*EXCERPTED DATA*:
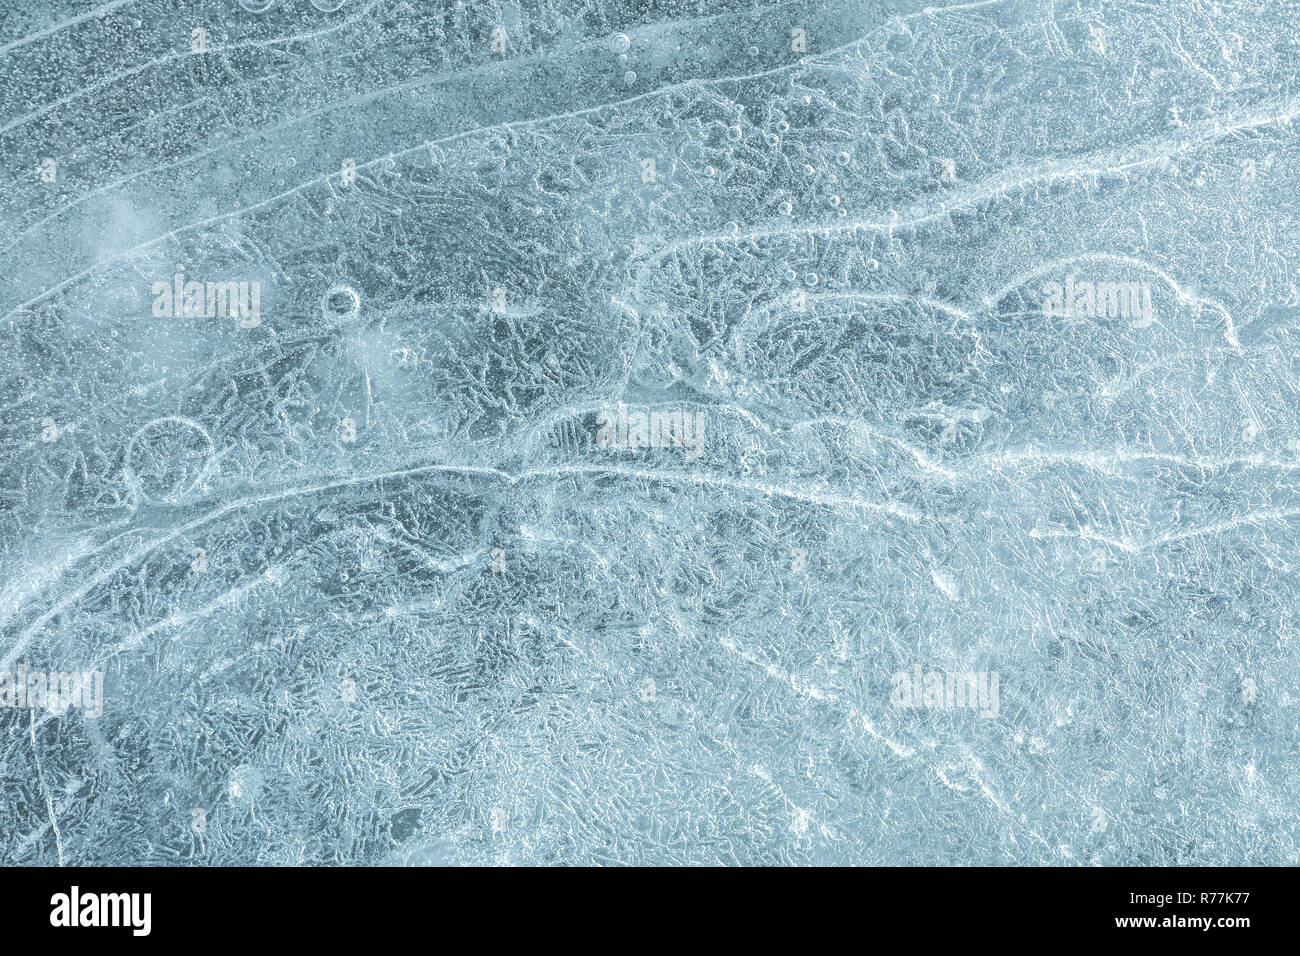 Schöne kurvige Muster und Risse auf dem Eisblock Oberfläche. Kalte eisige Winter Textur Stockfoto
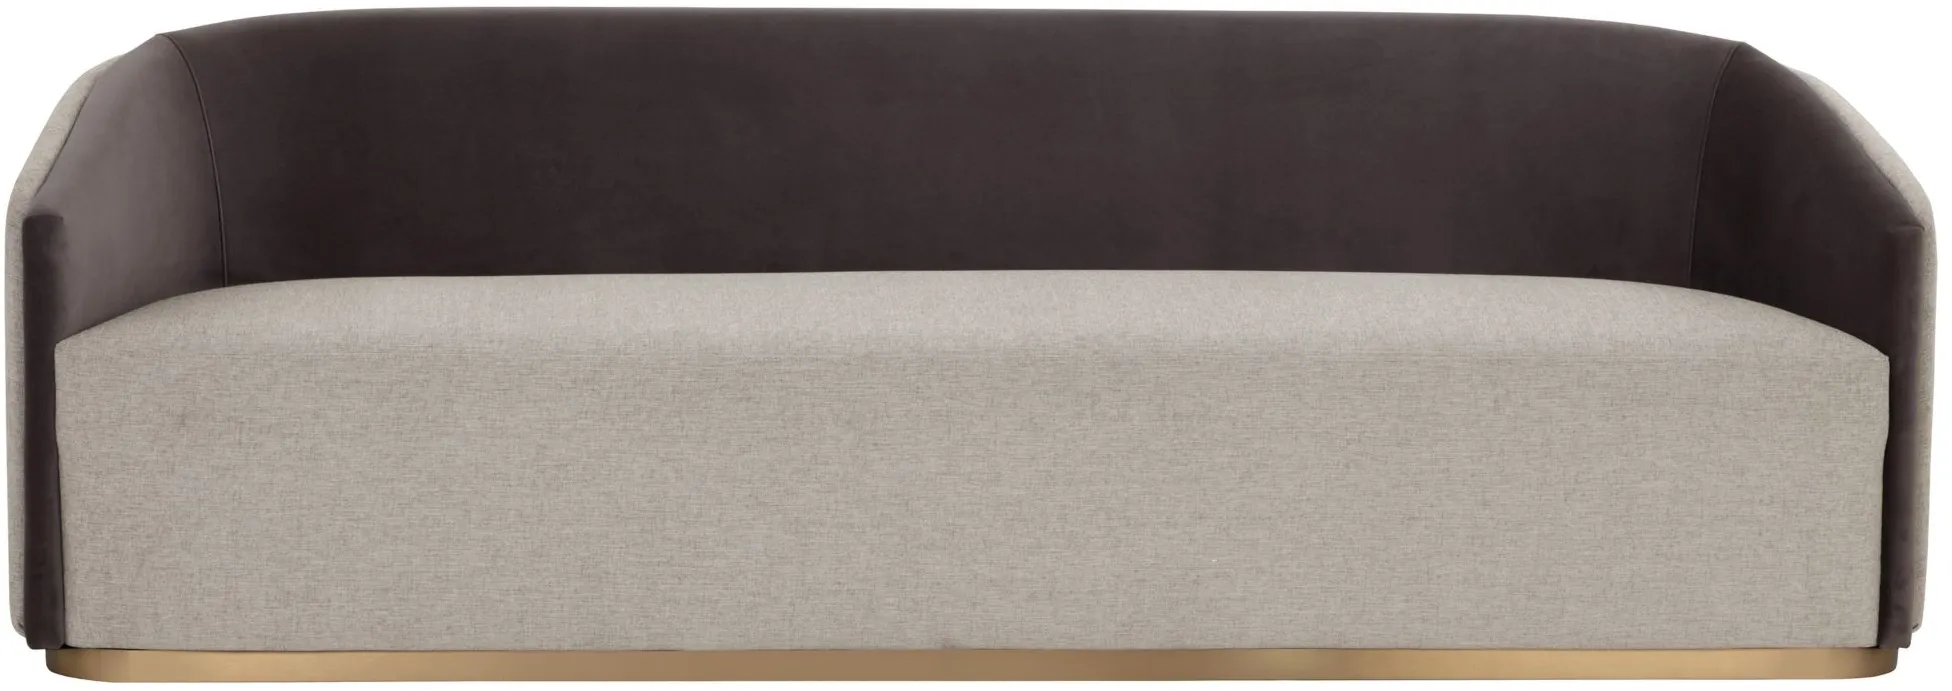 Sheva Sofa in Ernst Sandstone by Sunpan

--

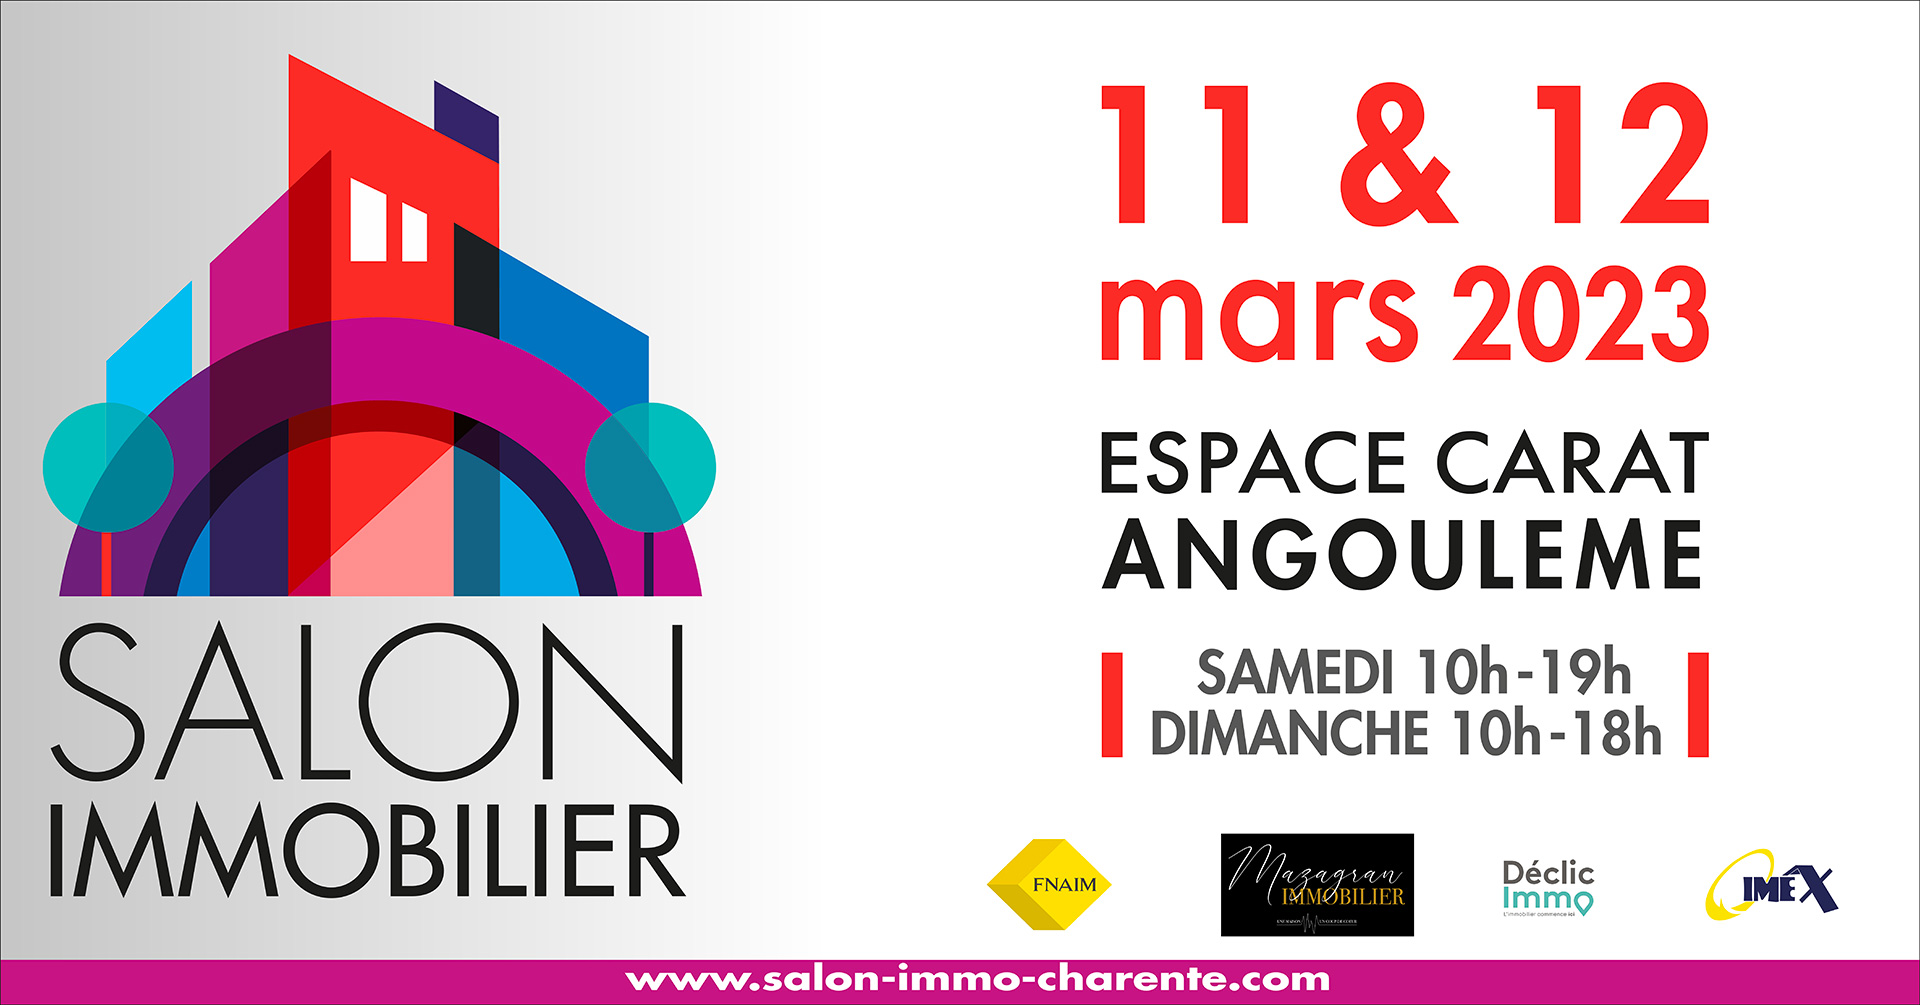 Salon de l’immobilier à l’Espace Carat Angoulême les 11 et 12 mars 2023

*WHAT NEEDS TO BE DONE*: In the records above, find the line with "Schöne kurvige Muster" and the line with "Sheva Sofa in Ernst Sandstone by Sunpan"; please transcribe exactly those two lines and all lines between them, omitting any picture.

*EXERCISE ANSWER*:
 Schöne kurvige Muster und Risse auf dem Eisblock Oberfläche. Kalte eisige Winter Textur Stockfoto
 Sheva Sofa in Ernst Sandstone by Sunpan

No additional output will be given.